▶ The input:

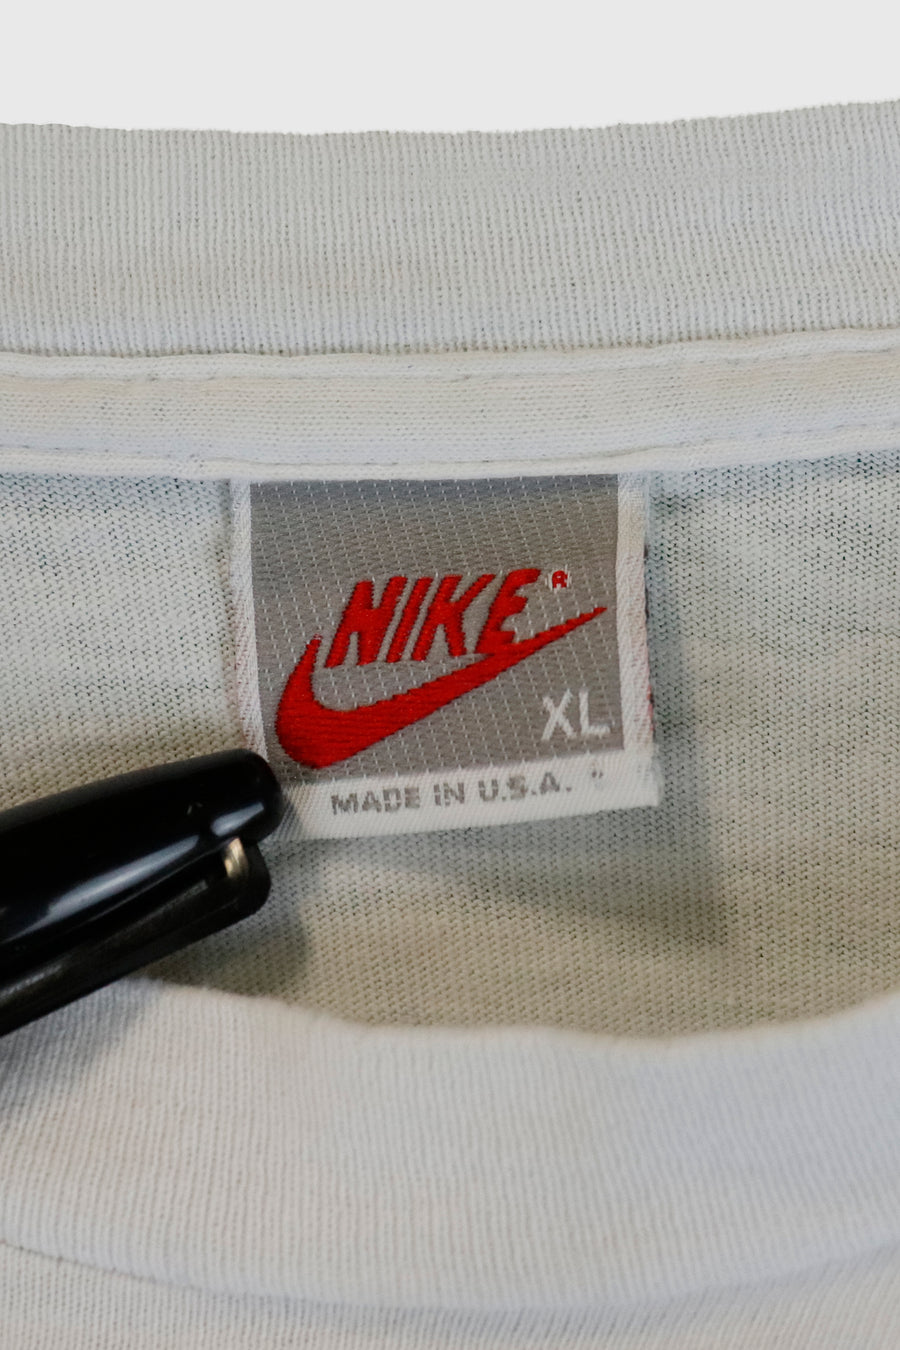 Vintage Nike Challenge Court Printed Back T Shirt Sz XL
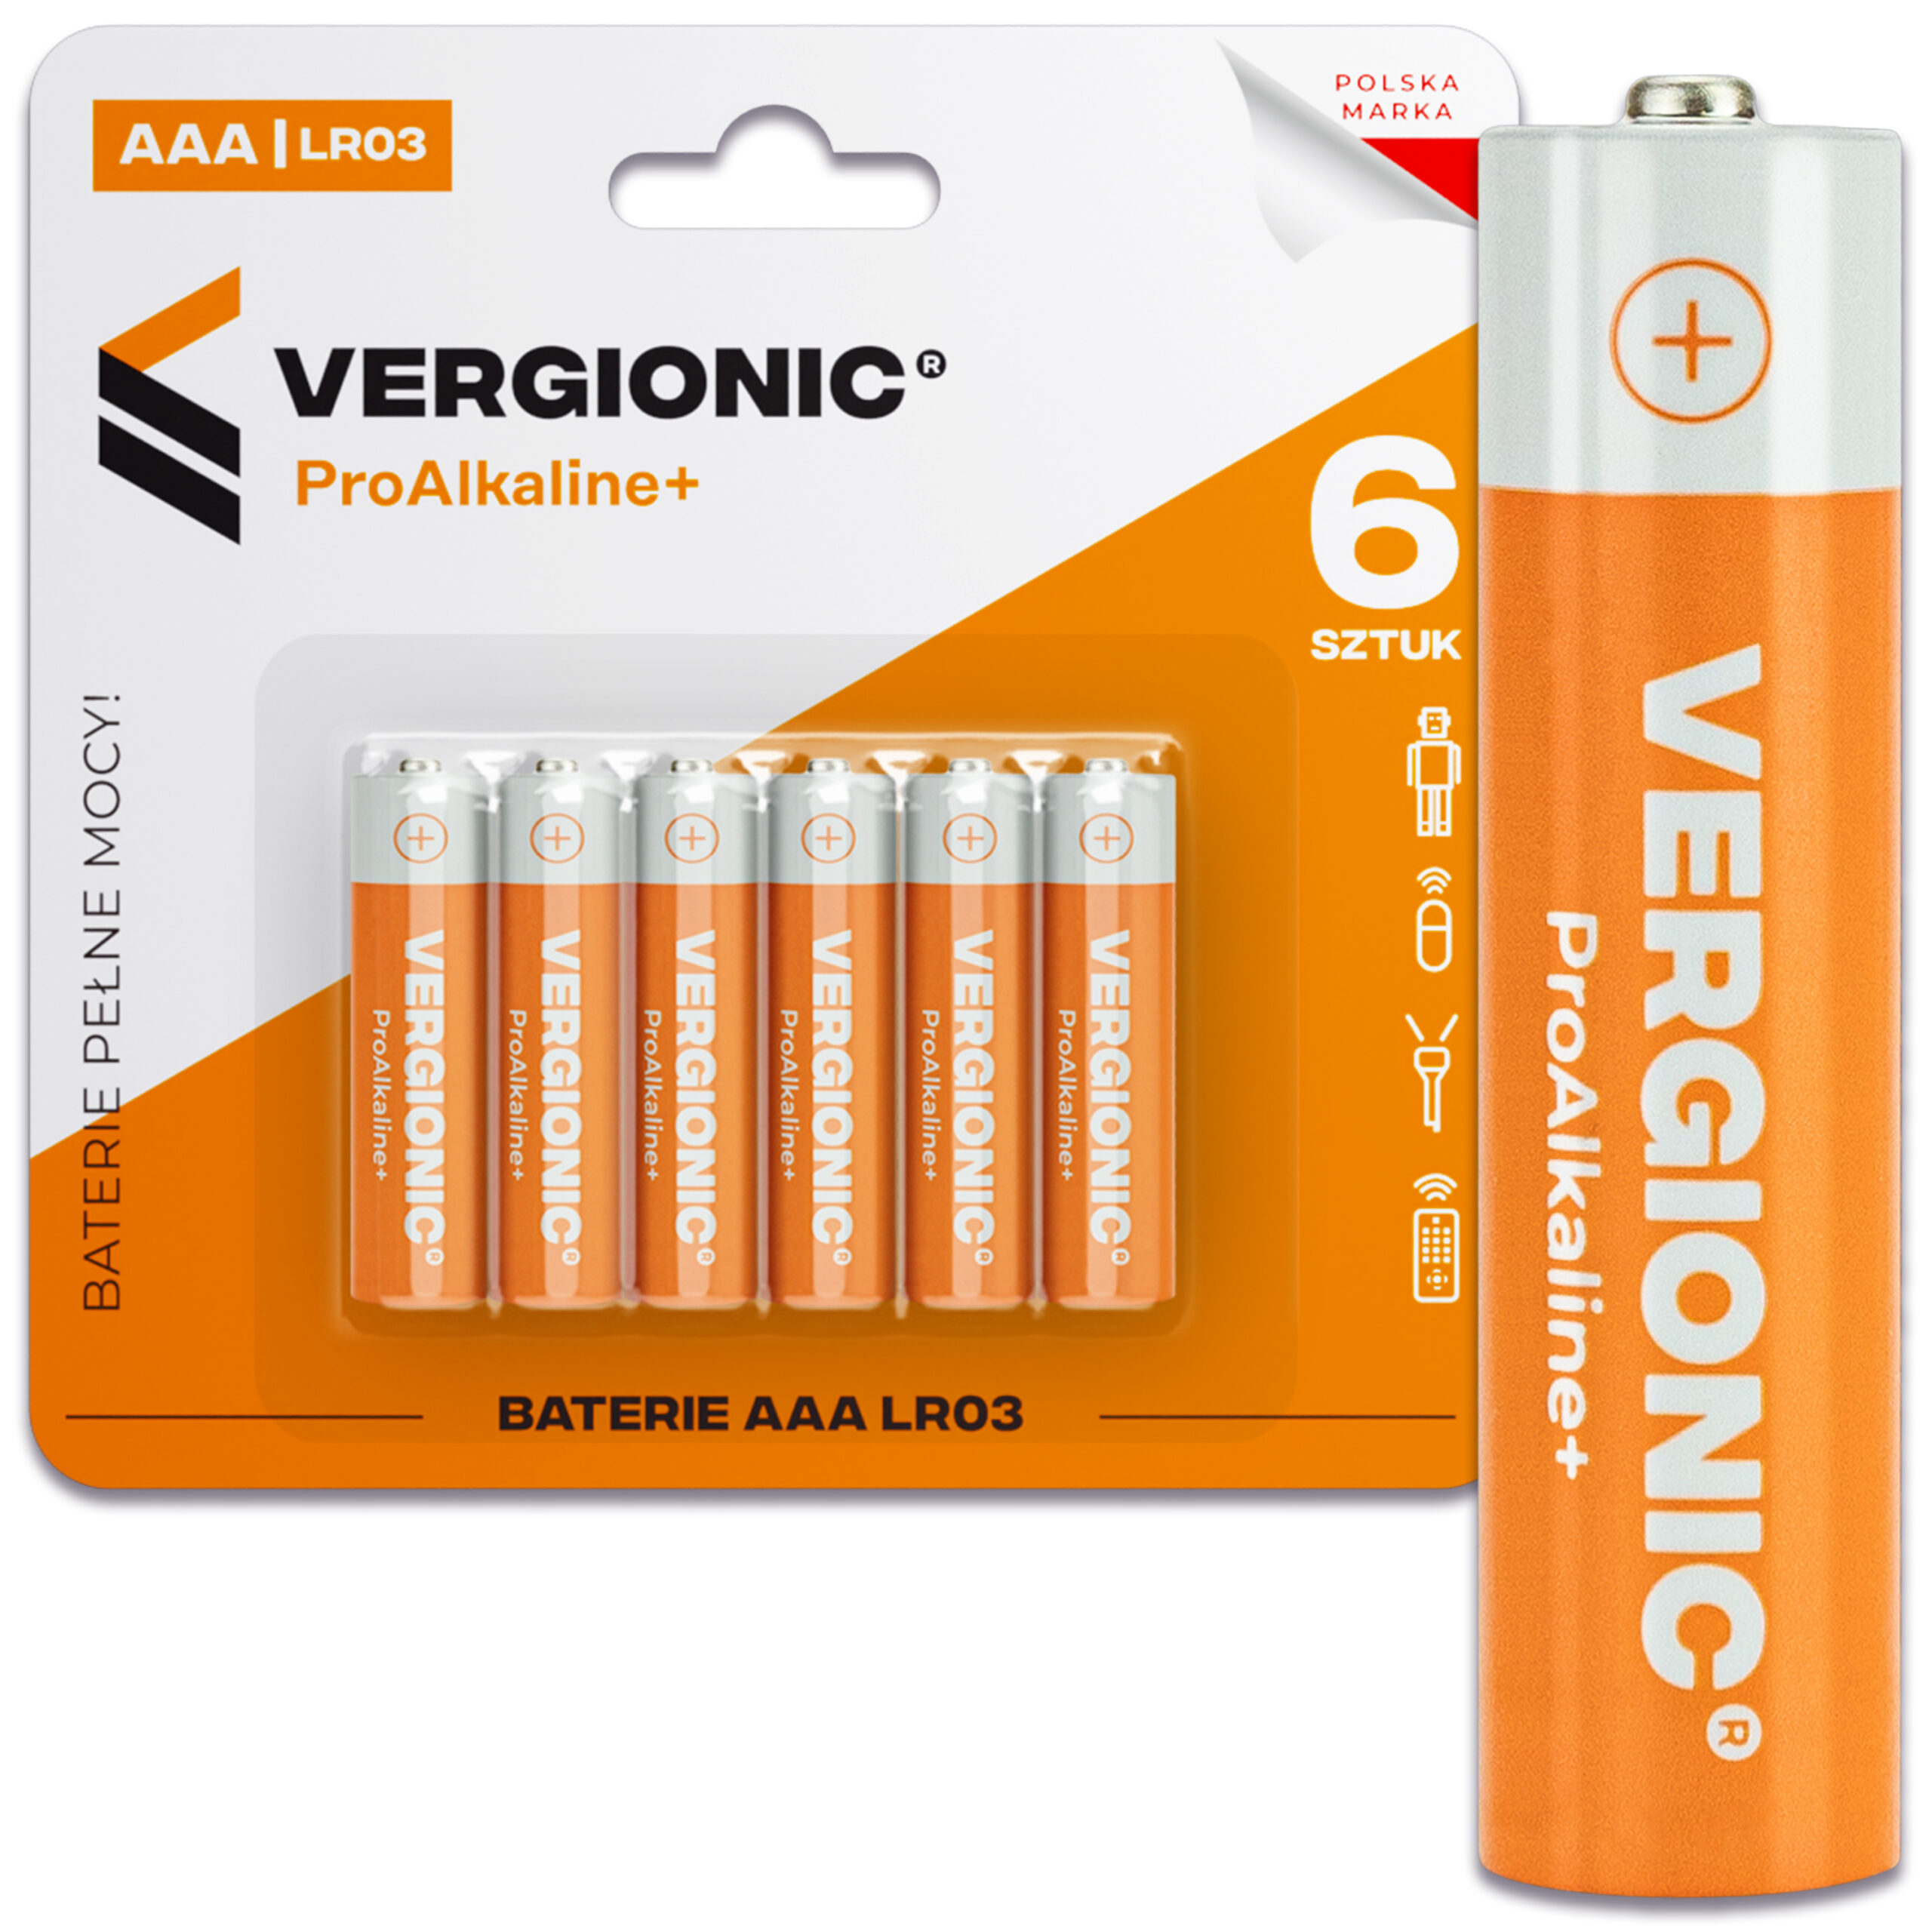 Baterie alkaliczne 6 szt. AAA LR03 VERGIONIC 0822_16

--

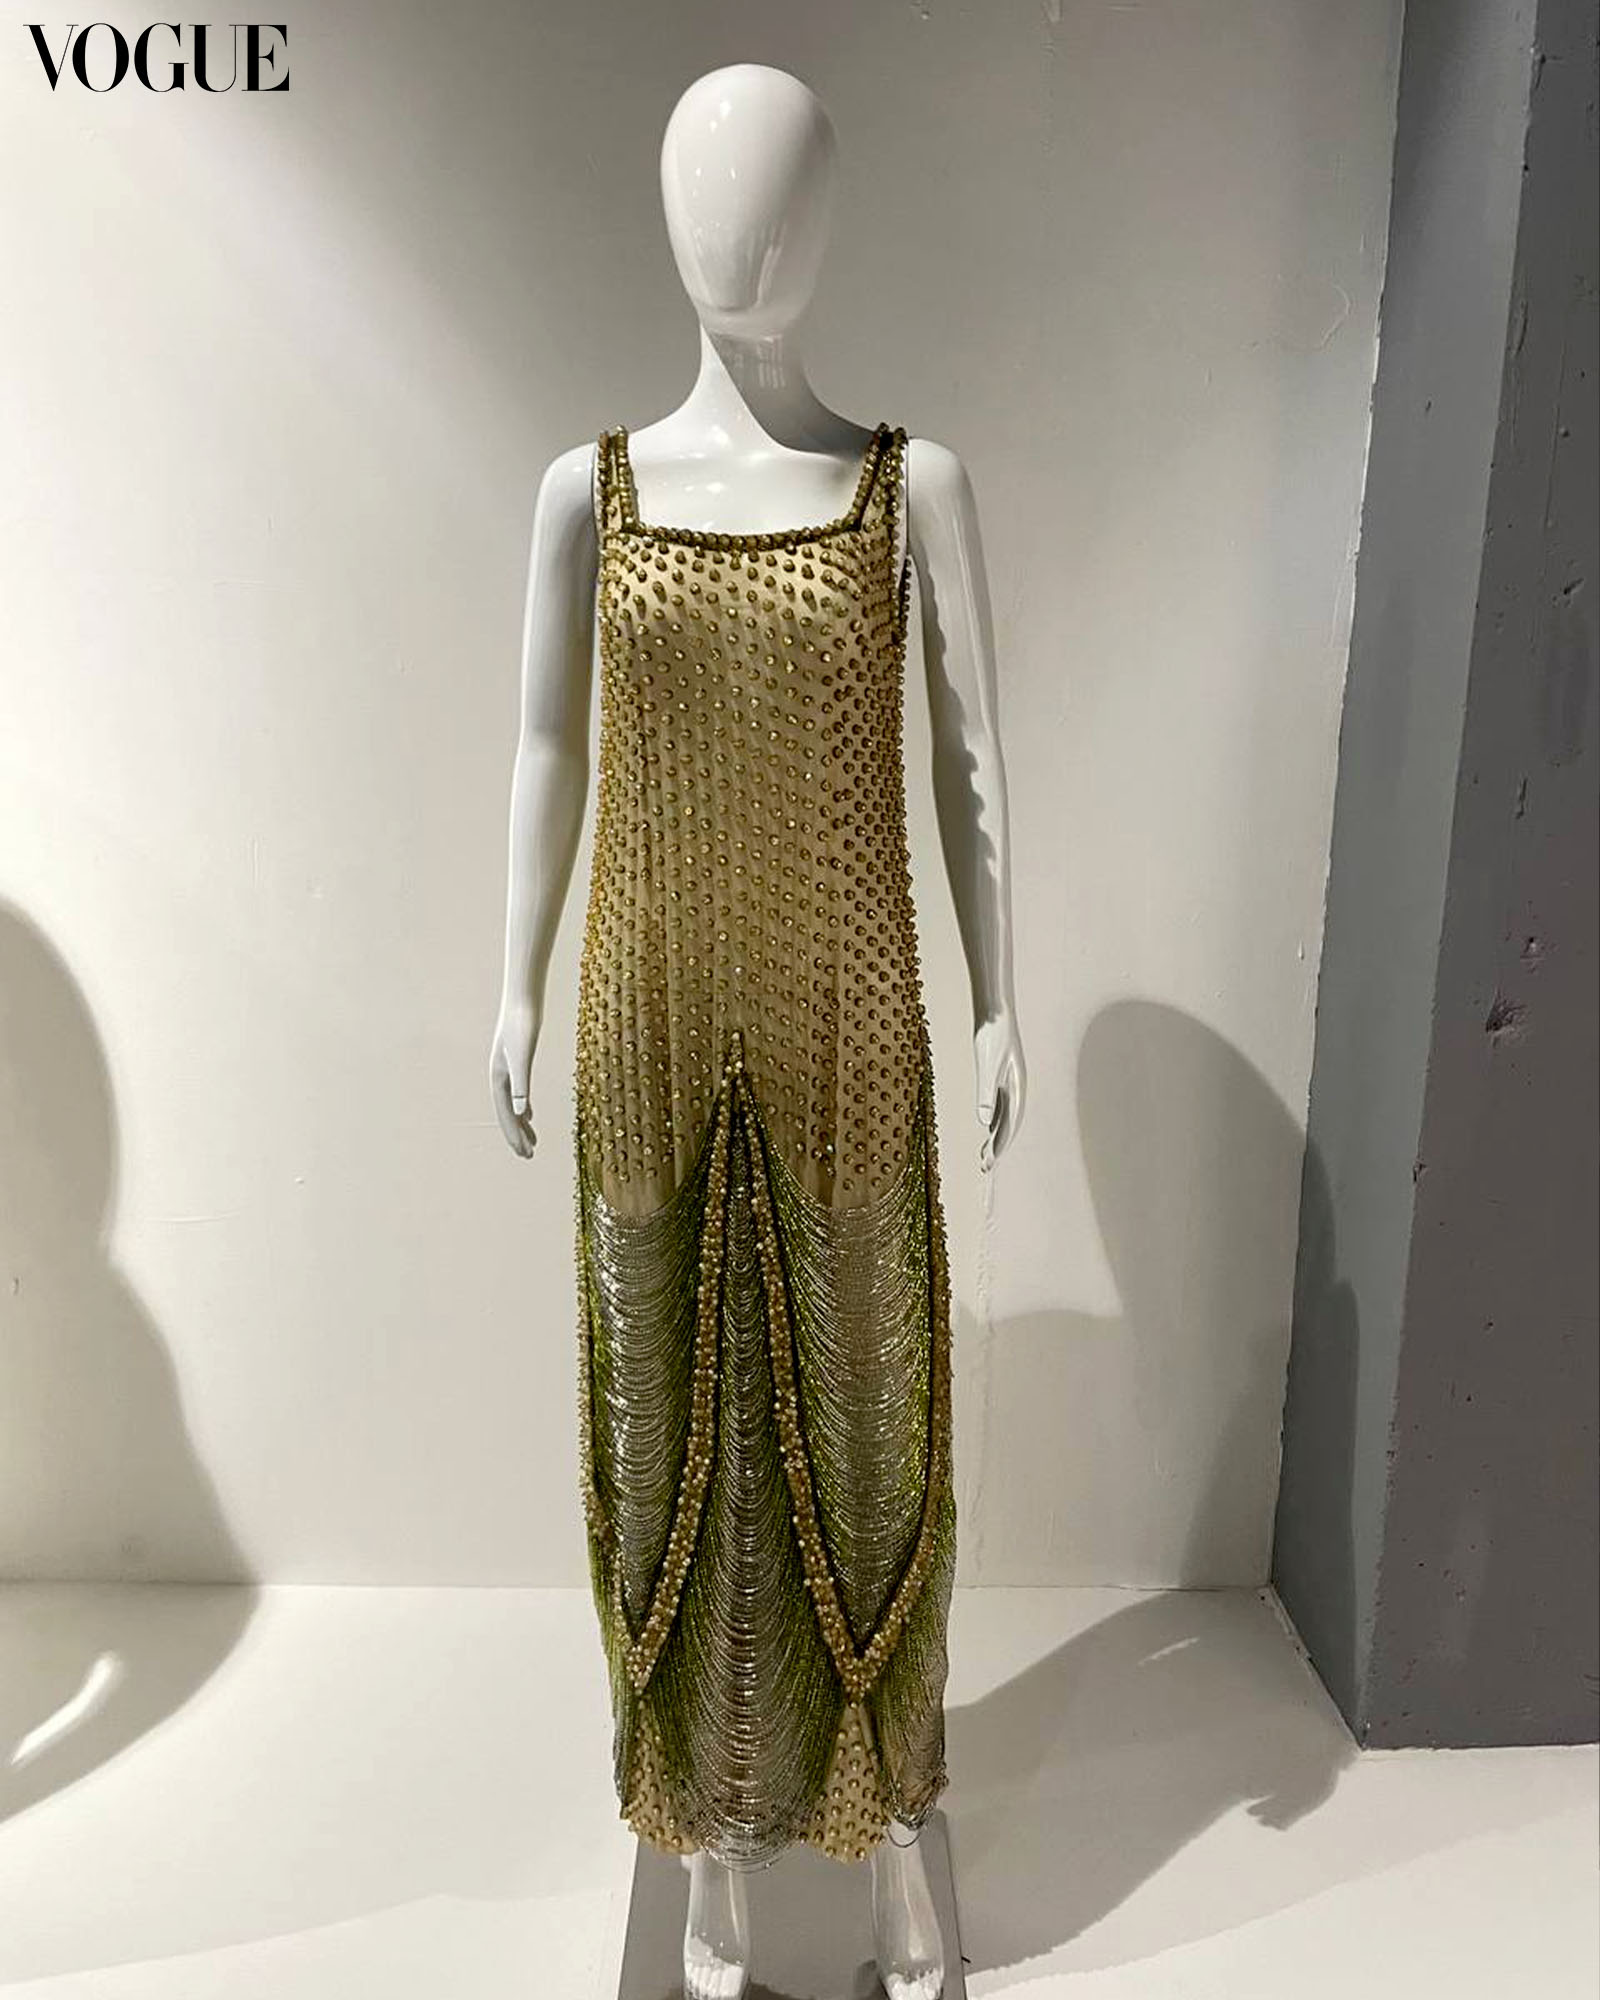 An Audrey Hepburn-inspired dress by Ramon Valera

▶ What is needed: Write out the lines above from the one with "Vintage Nike Challenge" through the one with "Baterie alkaliczne 6", ends included, exactly; no picture goes in.

▶ Completed task:
 Vintage Nike Challenge Court Printed Back T Shirt Sz XL
 Baterie alkaliczne 6 szt. AAA LR03 VERGIONIC 0822_16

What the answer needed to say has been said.